On Fri, 2007-23-11 at 15:12 +0100, Sisi wrote:
> Dear all,
>  
> Thanks for your quick reply!
>  
> For Roger, I checked the sessioninfo and mine is same as yours. My
> object size is indeed quite big, it is 275608. So I simplified the
> polygon and erased all the small islands, only hold the main land of
> Asia, Europe and Africa. After I loaded the polygon window and points,
> I checked the object size. It becomes  86768, which seems quite ok
> (compared with yours 57760). I ran the function again, and still
> doesn't work, the code and errors are as follow:
>  
> sessionInfo()
> R version 2.6.0 (2007-10-03) 
> i386-pc-mingw32 
> 
> locale:
> LC_COLLATE=English_United States.1252;LC_CTYPE=English_United
> States.1252;LC_MONETARY=English_United
> States.1252;LC_NUMERIC=C;LC_TIME=English_United States.1252
> 
> attached base packages:
> [1] stats     graphics  grDevices utils     datasets  methods
> base     
> 
> other attached packages:
> [1] RColorBrewer_1.0-2 spatstat_1.12-1    mgcv_1.3-27
> maptools_0.6-19    sp_0.9-16         
> [6] foreign_0.8-23    
> 
> loaded via a namespace (and not attached):
> [1] grid_2.6.0     lattice_0.16-5 tools_2.6.0   
> 
> 
> #Enlarge the memory
> memory.limit(size=4095)
> # creat polygon to be used as a window in ppp
> library(maptools)
> library(sp)
> library(spatstat)
> a <- readShapePoly("D:/5Bird/Result/New2Project.shp"[1]) 
> plot(a)
> 
> # Define the window
> W <- as(as(a, "SpatialPolygons"), "owin")
> plot(W)
> 
> # Import point data and creat ppp
> cases <- coordinates(readShapePoints("D:/5Bird/Result/BirdPoint.shp"))
> str(cases)
> 
> #num [1:3345, 1:2] 5431396 5305812 5343499 1975828 2128985 ...
>  #- attr(*, "dimnames")=List of 2
>   #..$ : NULL
>   #..$ : chr [1:2] "coords.x1" "coords.x2"
> 
> colnames(cases)<-c("x","y") 
> p1 <- ppp(cases[,1], cases[,2], window=W)
> plot(p1)
> points(cases, pch=20,col="red")
> 
> object.size(p1)
> #[1] 86768
> 
> 
> #Ripley's K function
> K <- Kest(p1,nlarge=Inf)
> #Error: cannot allocate vector of size 38.6 Mb
> plot(K)
> #Generate envelope 
> en <- envelope(p1, fun=Kest(p1,nlarge=3500), nsim=10) 

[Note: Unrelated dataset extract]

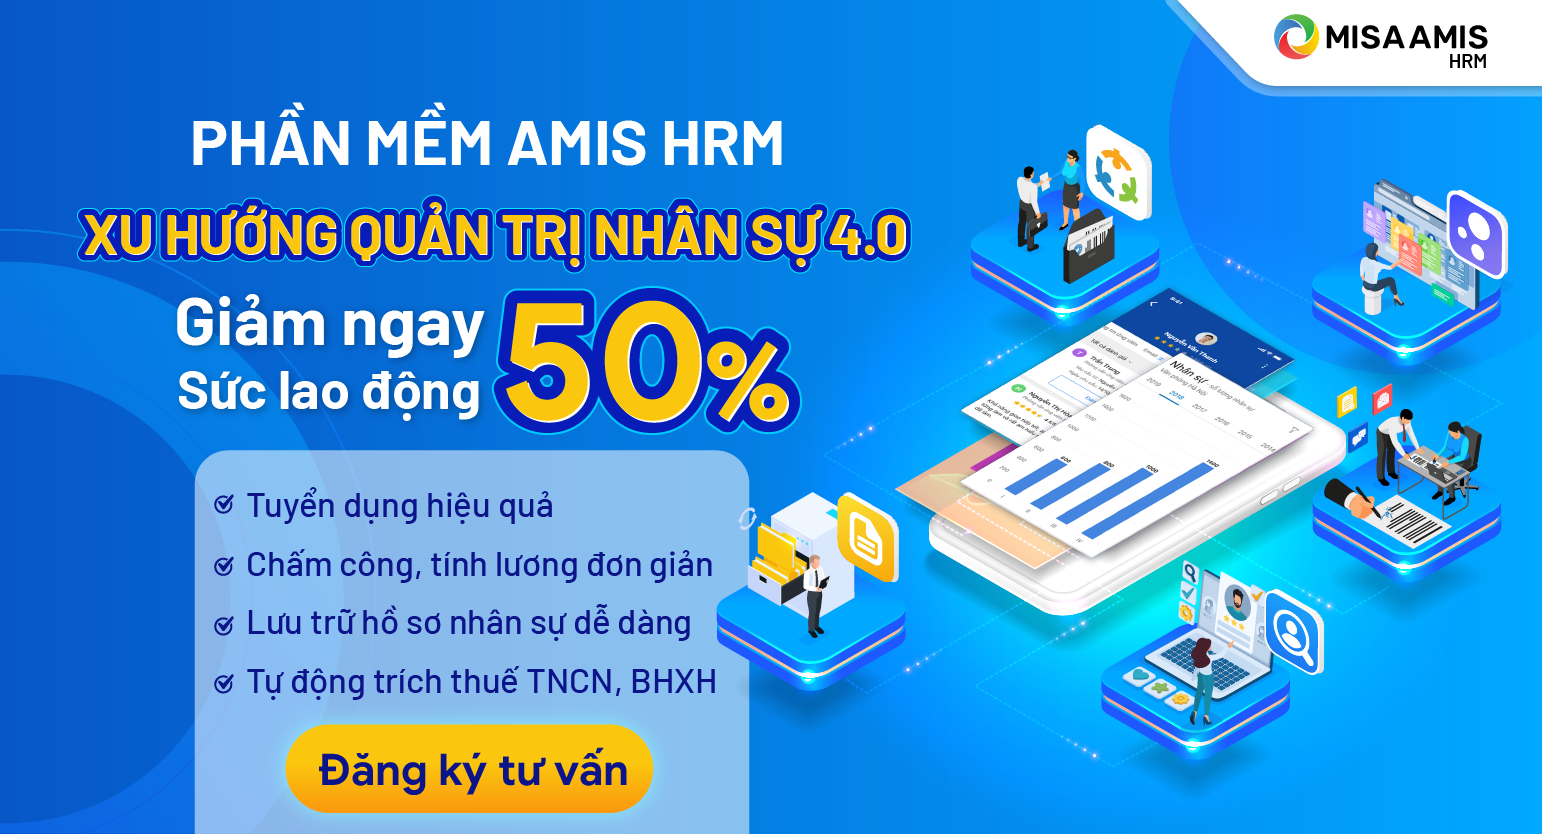 Phần mềm quản trị nhân sự toàn diện MISA AMIS HRM là giải pháp hoàn hảo cho doanh nghiệp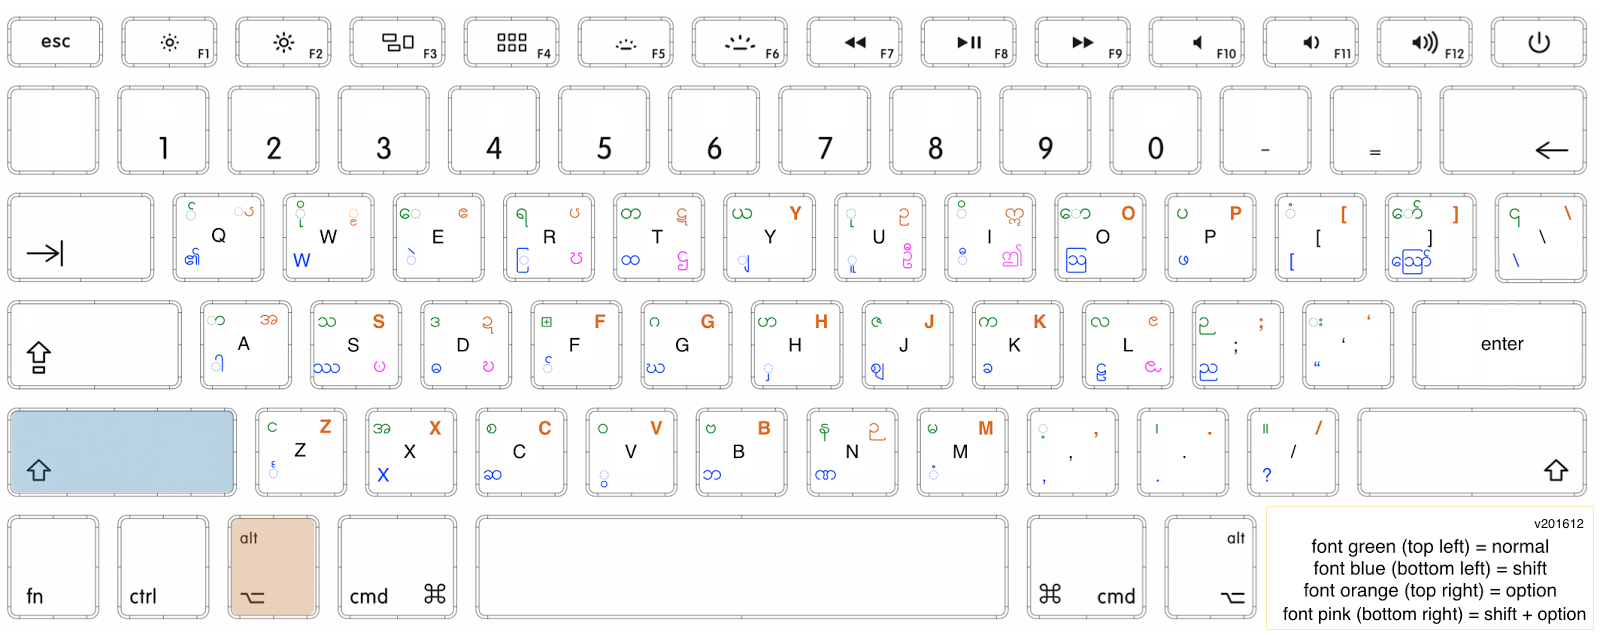 alpha zawgyi keyboard for window 10 64 bit

> #Error: cannot allocate vector of size 38.6 Mb
> plot(en, main="Envelopes of K function based on CSR")
>  
> For the question about the geographical coordinates, the projection
> system I'm using is Equidistant Cylindrical , the unit is meter. Just
> considering this projection has no distortion in distance.
>  
> For Don, when I set nlarge=3500, the error was: "Error: cannot
> allocate vector of size 381.8 Mb". When I set nlarge=Inf, the error
> became:"Error: cannot allocate vector of size 38.6 Mb". I cannot
> figure out the cause of the errors. When you mentioned edge
> correction, I get a question to consult. Do I still need edge
> correction if my study area covers Asia, Europe and Africa continents.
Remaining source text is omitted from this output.